Die Wlan Antenne hat halt eine Rundstrahlcharakteristik, keine Richtcharakteristik, da Wlan eine bidireketionale Verbindung ist, sind beide Seiten wichtig. Schon mal mit der Antenne am Router rumgespielt?

LEVELONE WAN1112 Wireless-Lan Antennen, SMA-Reverse Adapter, Verlängerungen - reichelt elektronik - Der Techniksortimenter - OnlineShop für Elektronik, Netbooks, PC-Komponenten, Kabel, Bauteile, Software & Bücher - ISO 9001:2000 Zertifiziert
LEVELONE WAN1160 Wireless-Lan Antennen, SMA-Reverse Adapter, Verlängerungen - reichelt elektronik - Der Techniksortimenter - OnlineShop für Elektronik, Netbooks, PC-Komponenten, Kabel, Bauteile, Software & Bücher - ISO 9001:2000 Zertifiziert
SV 9370 Wireless-Lan Antennen, SMA-Reverse Adapter, Verlängerungen - reichelt elektronik - Der Techniksortimenter - OnlineShop für Elektronik, Netbooks, PC-Komponenten, Kabel, Bauteile, Software & Bücher - ISO 9001:2000 Zertifiziert


----------



## MARIIIO (14. Juni 2010)

Das problem ist, dass das Fritz Fon 7150 eine feste Antenne hat:
Der "Stummel" an der Basisstation. Daher kann ich gerade daran nix verändern ...
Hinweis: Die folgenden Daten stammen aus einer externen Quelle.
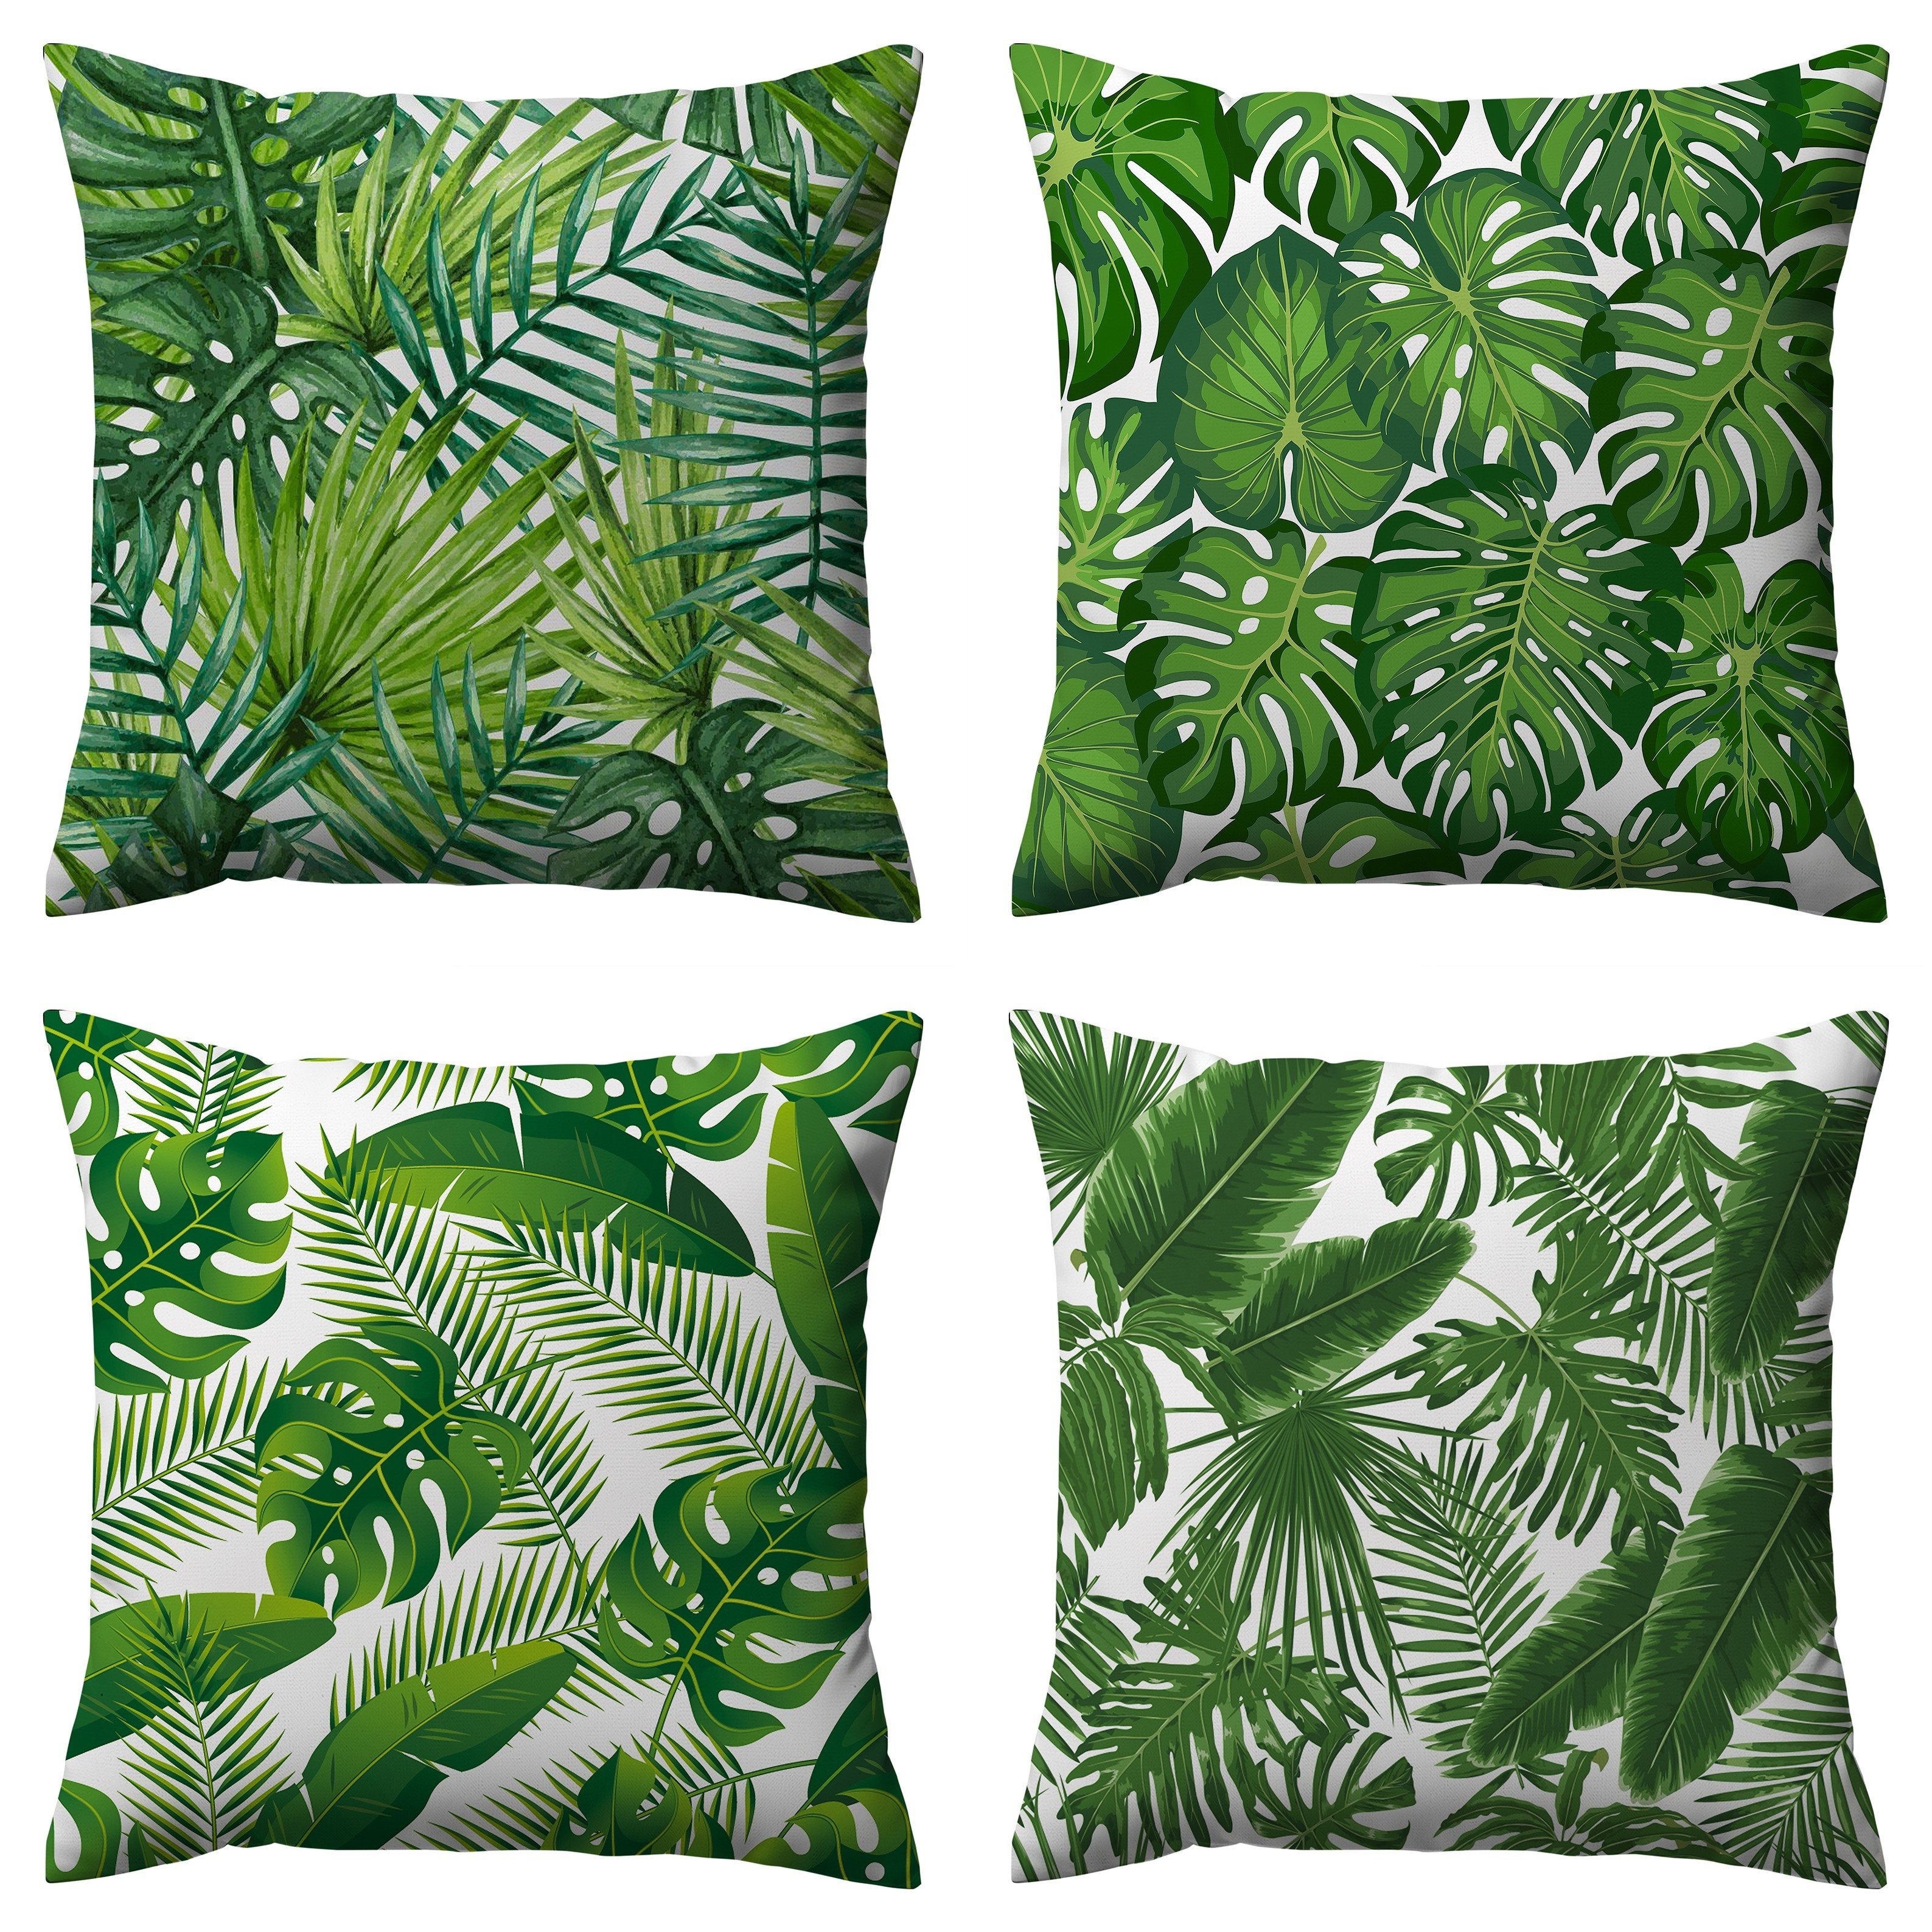 

4pcs, Green Tropical Leaves Throw Pillow Covers, Set Of 4 18x18 Summer Palm Tree Durable Sturdy Decorative Linen Square Pillowcase With Hidden Zipper For Living Room Sofa Couch Bench Car Decor
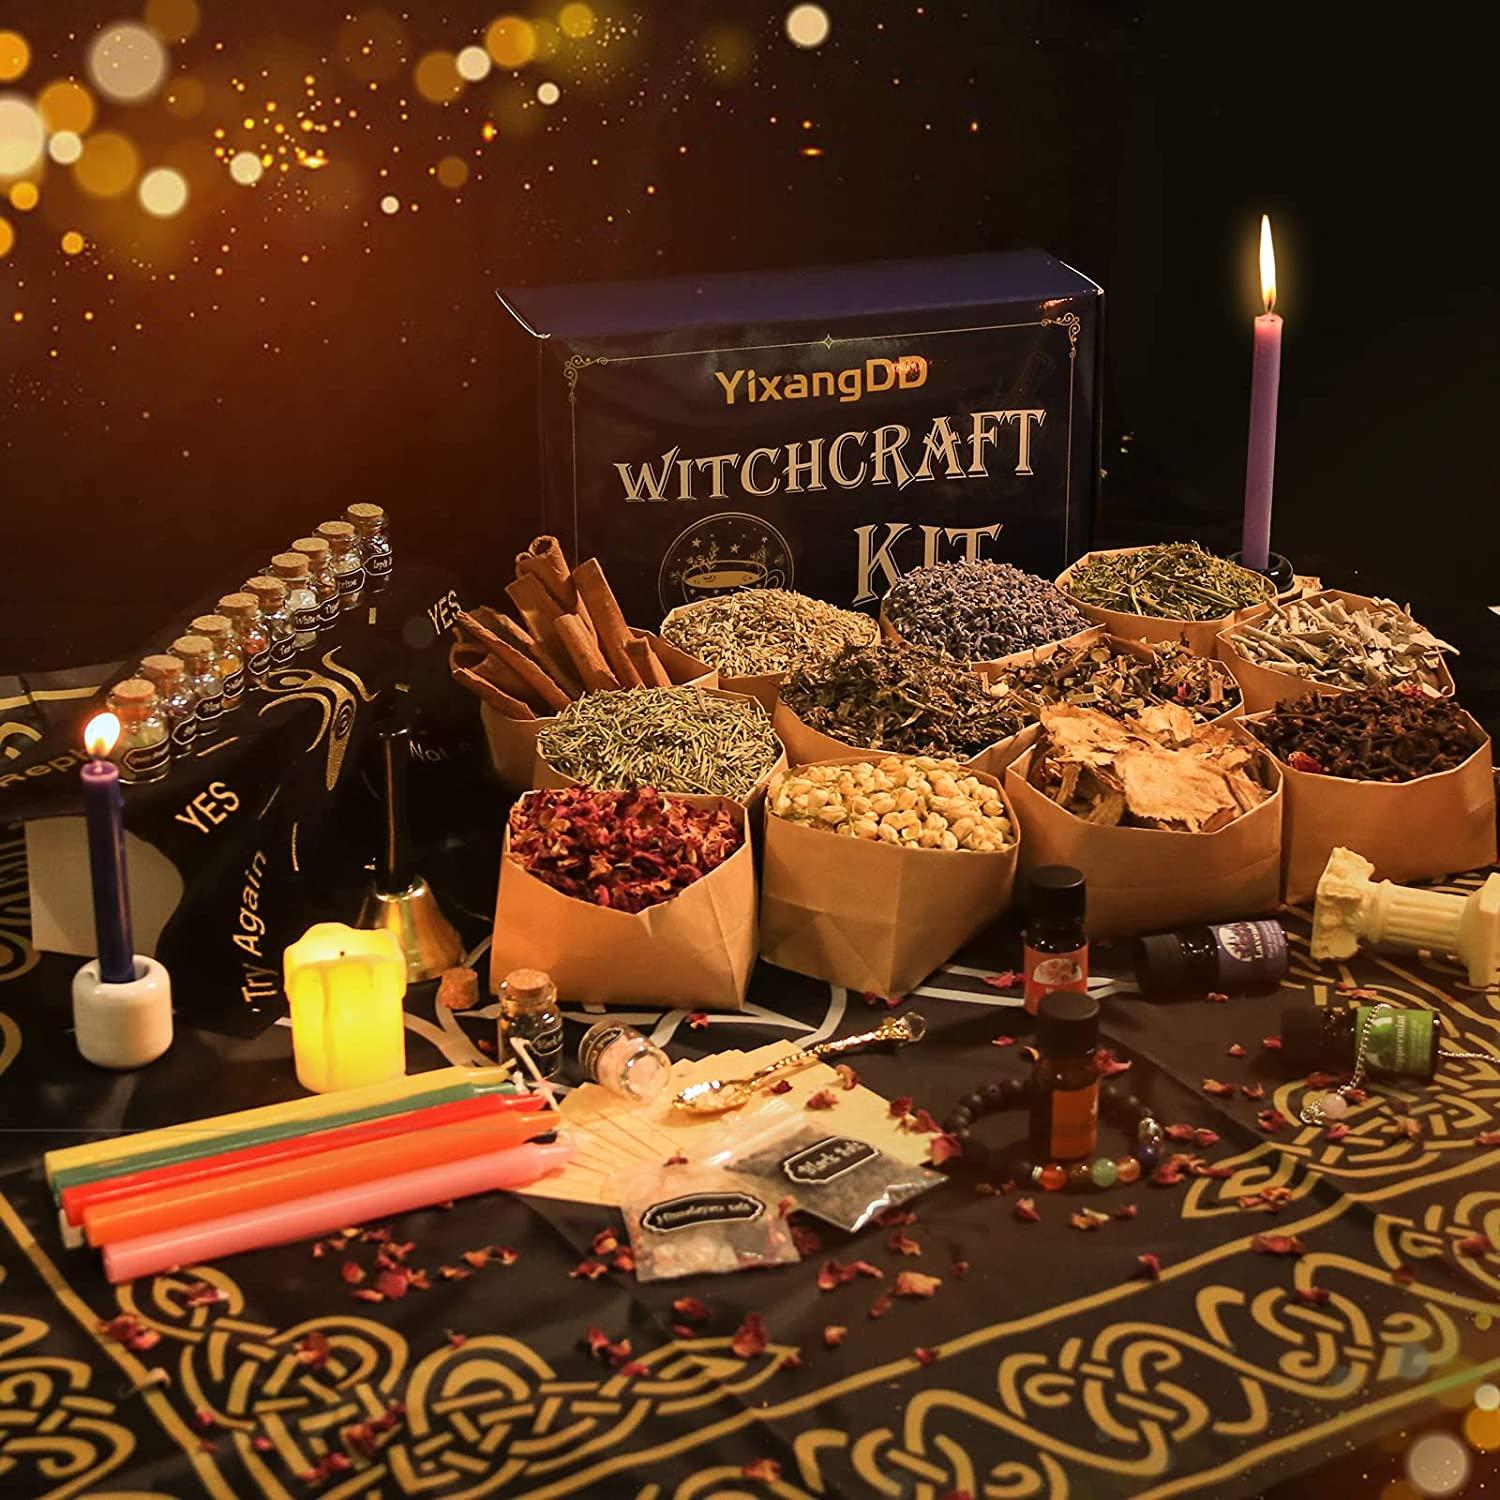 Witchcraft Supplies kit 60PCS -Witch Stuff Spell Kit - Witchcraft Supply  kit with Spell Candles ,Witchcraft Herbs , Crystal  Pendulums,Parchments,Mini Crystal Balls - Witch Starter Kit 60 Packs  Witchcraft Supplies

€: Beim Scannen mit inSSIDer gibt er mir eine Signalstärke von -55dB an, falls das was hilft. Damit gings bisher immer gut, nur manchmal fällt das signal auf ca. -68dB ab


----------



## rebel4life (18. Juni 2010)

Es gibt Adapter von Pigtail auf SMA/B, N oder auch FME...


----------



## TheRammbock (18. Juni 2010)

Oder eben halt die berühmte Styroporantenne. Da kann man wunderbar experimentieren und kostet nichts.


----------